Data block

=== Section Start ===

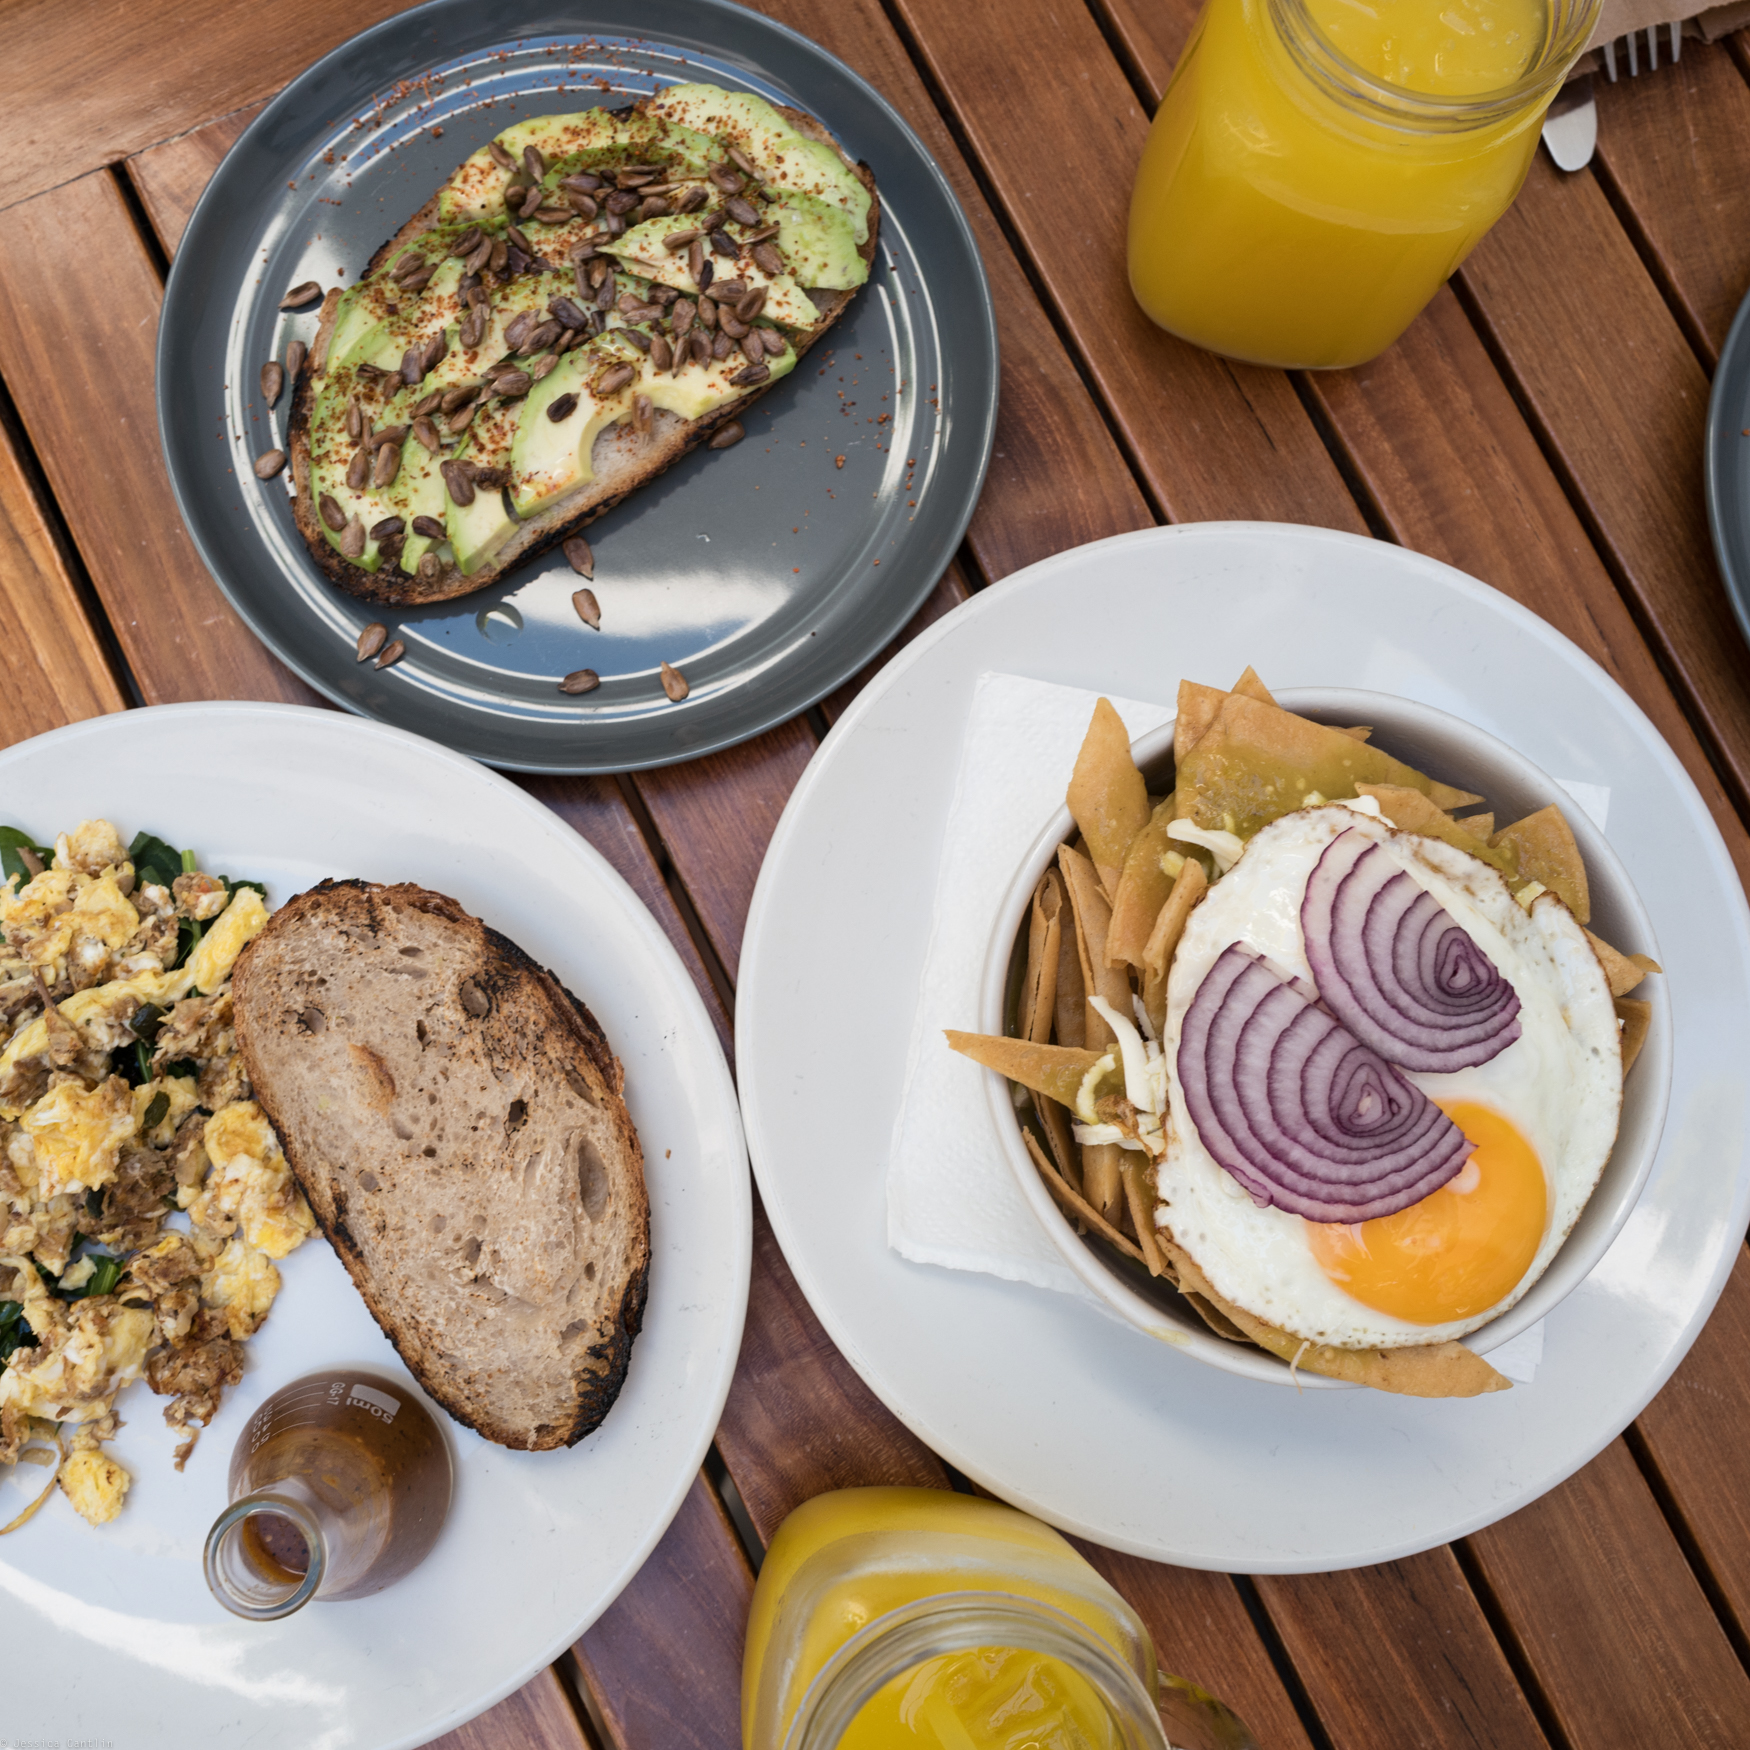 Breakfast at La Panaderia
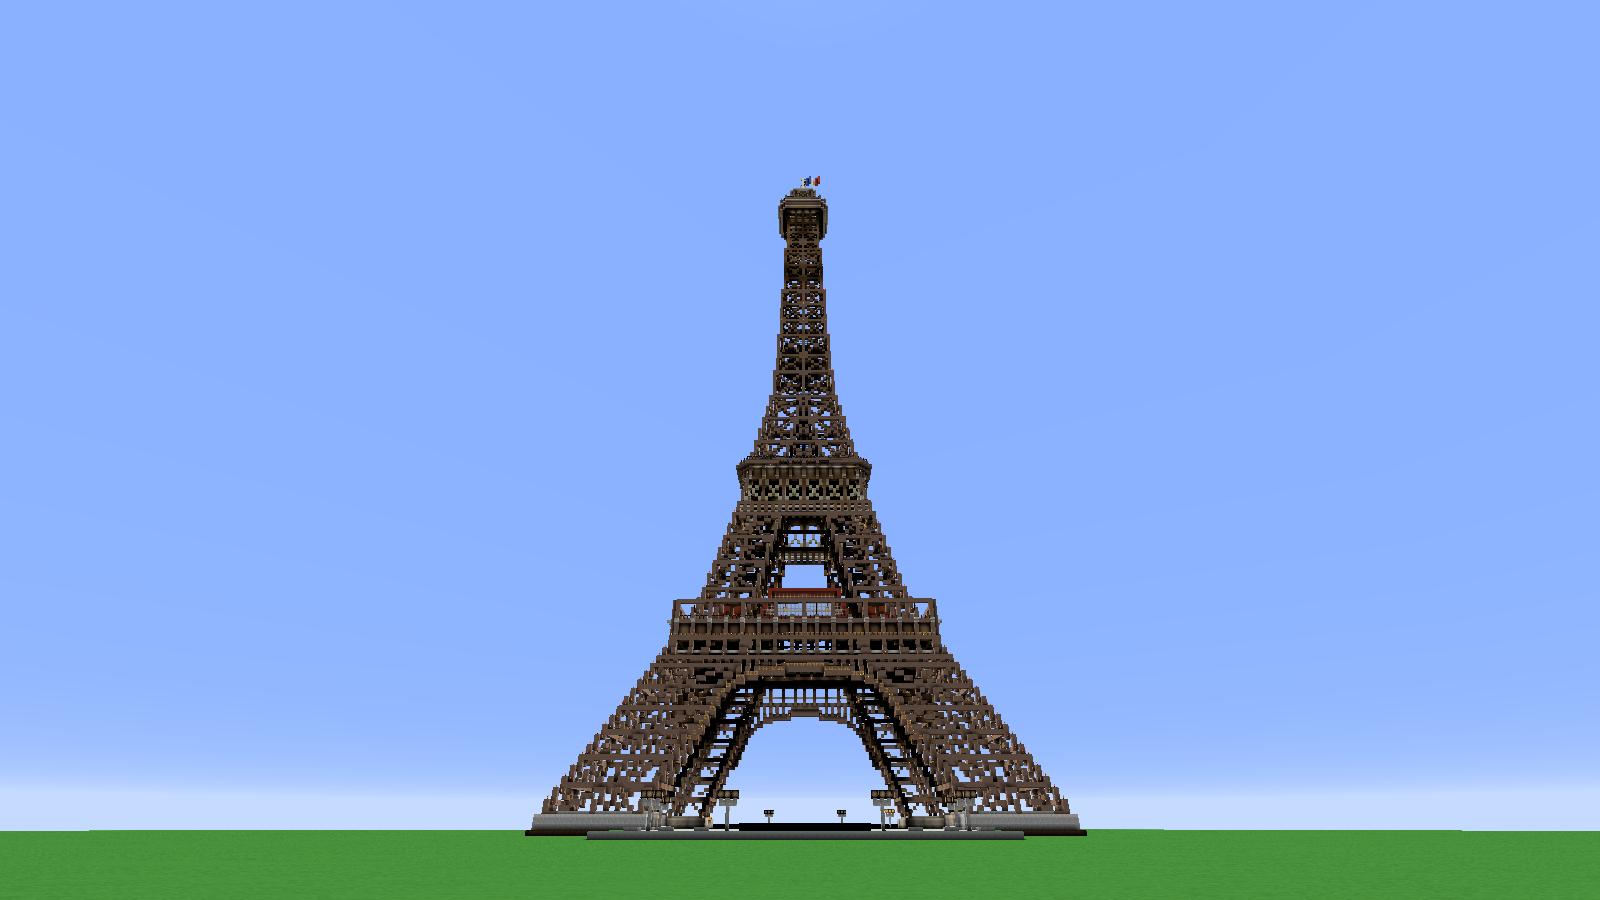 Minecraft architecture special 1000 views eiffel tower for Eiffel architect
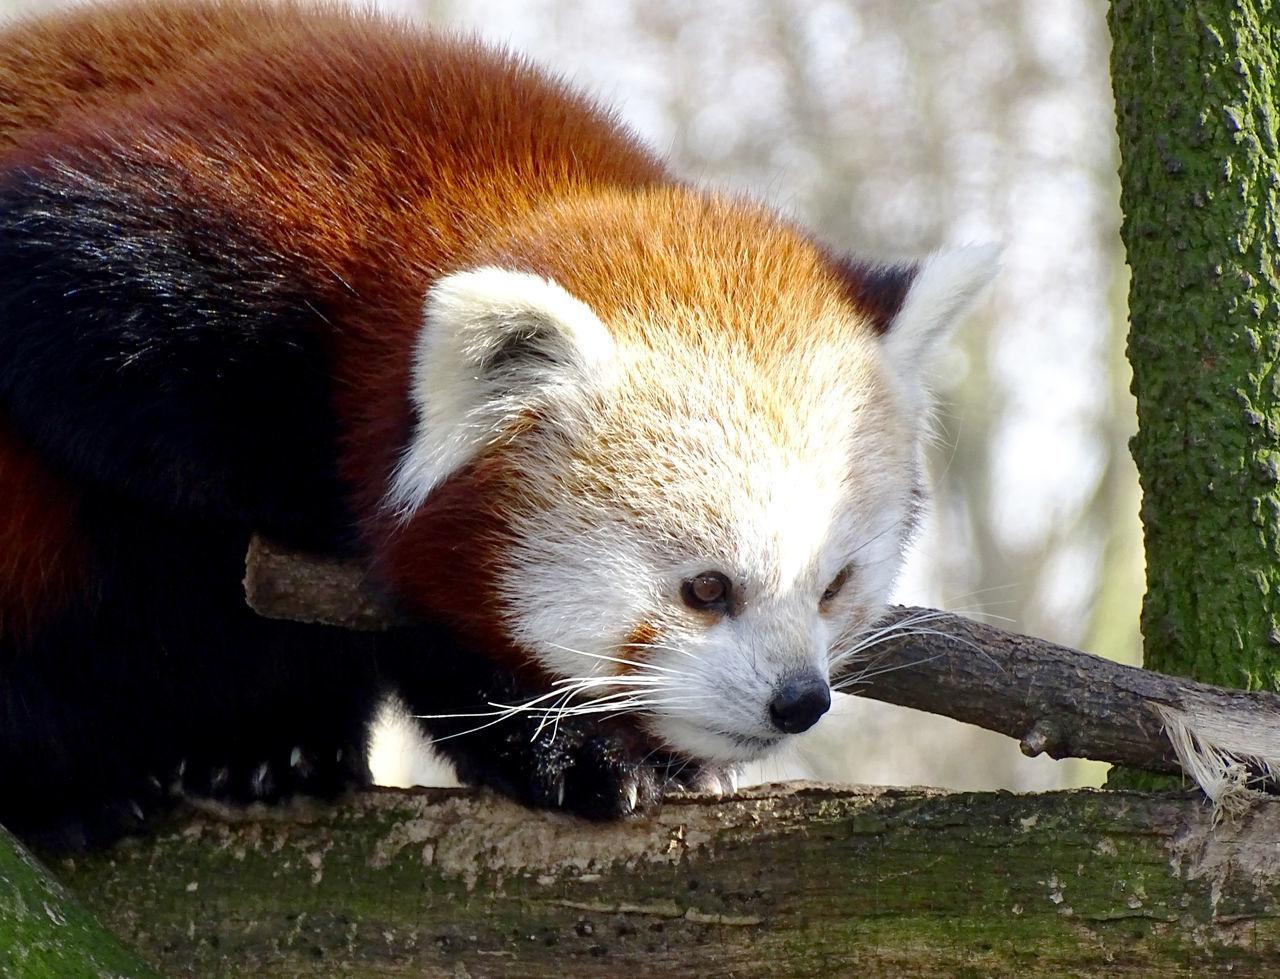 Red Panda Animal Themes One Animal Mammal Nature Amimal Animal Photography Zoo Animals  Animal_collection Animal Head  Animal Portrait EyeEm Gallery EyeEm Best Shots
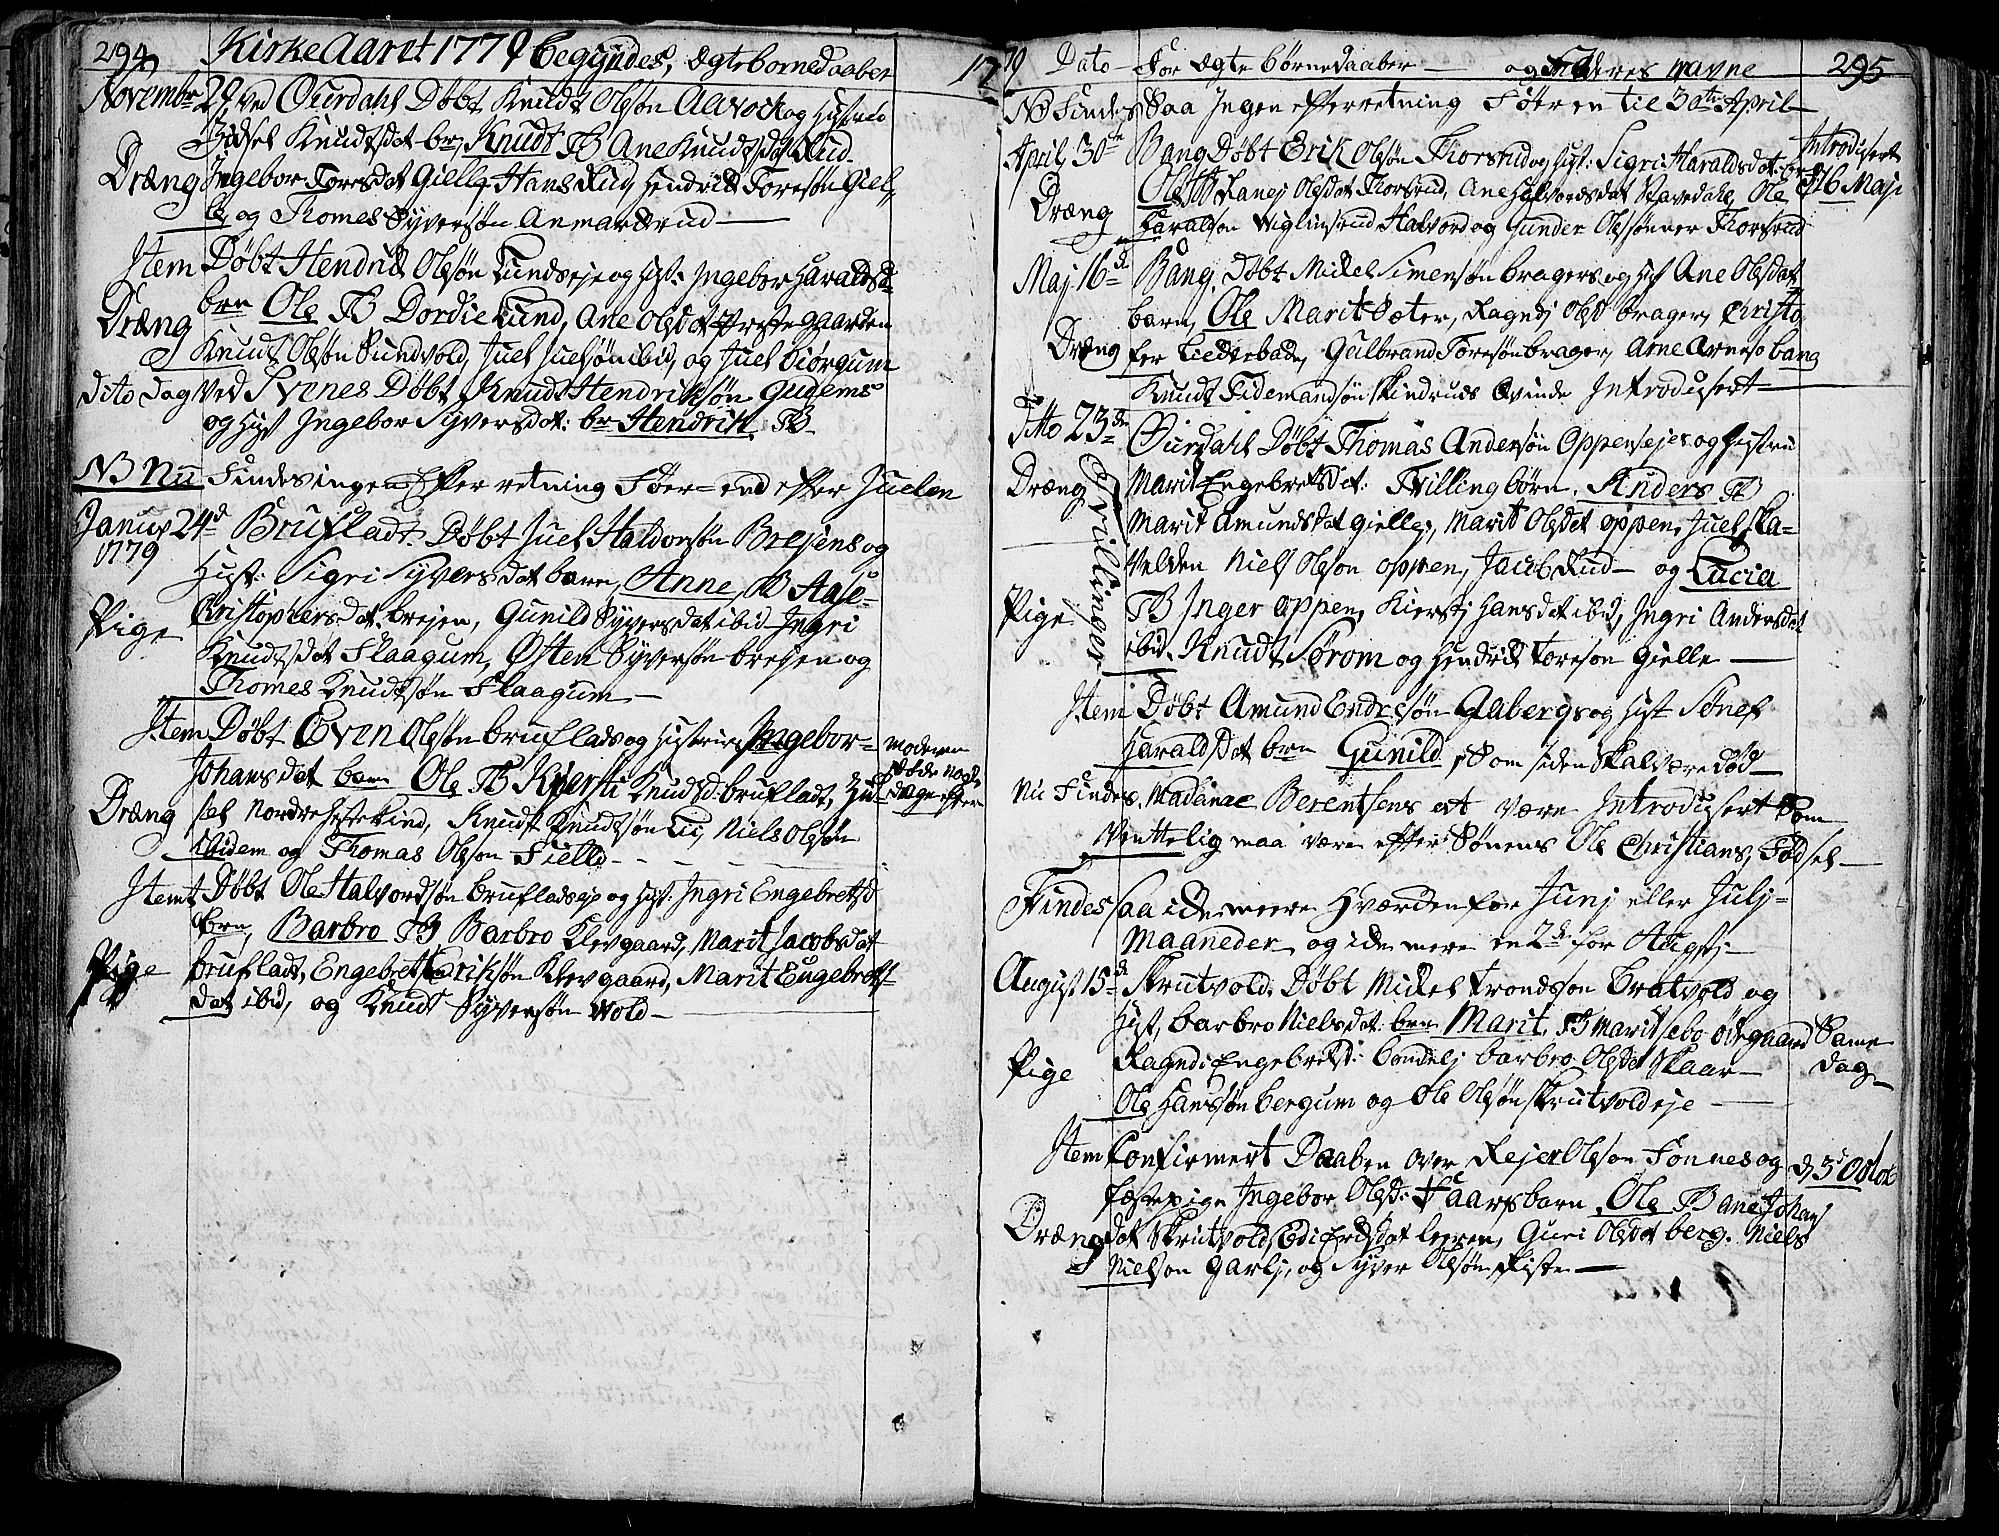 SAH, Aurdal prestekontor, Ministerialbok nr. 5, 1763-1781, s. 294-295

=== Section End ===

Your task
Reproduce exactly and only the lines from the line that contains "Minecraft architecture special" to the end of the data above, both ends included. No pictures go in the copy.

Written solution
 Minecraft architecture special 1000 views eiffel tower for Eiffel architect
 Red Panda Animal Themes One Animal Mammal Nature Amimal Animal Photography Zoo Animals  Animal_collection Animal Head  Animal Portrait EyeEm Gallery EyeEm Best Shots
 SAH, Aurdal prestekontor, Ministerialbok nr. 5, 1763-1781, s. 294-295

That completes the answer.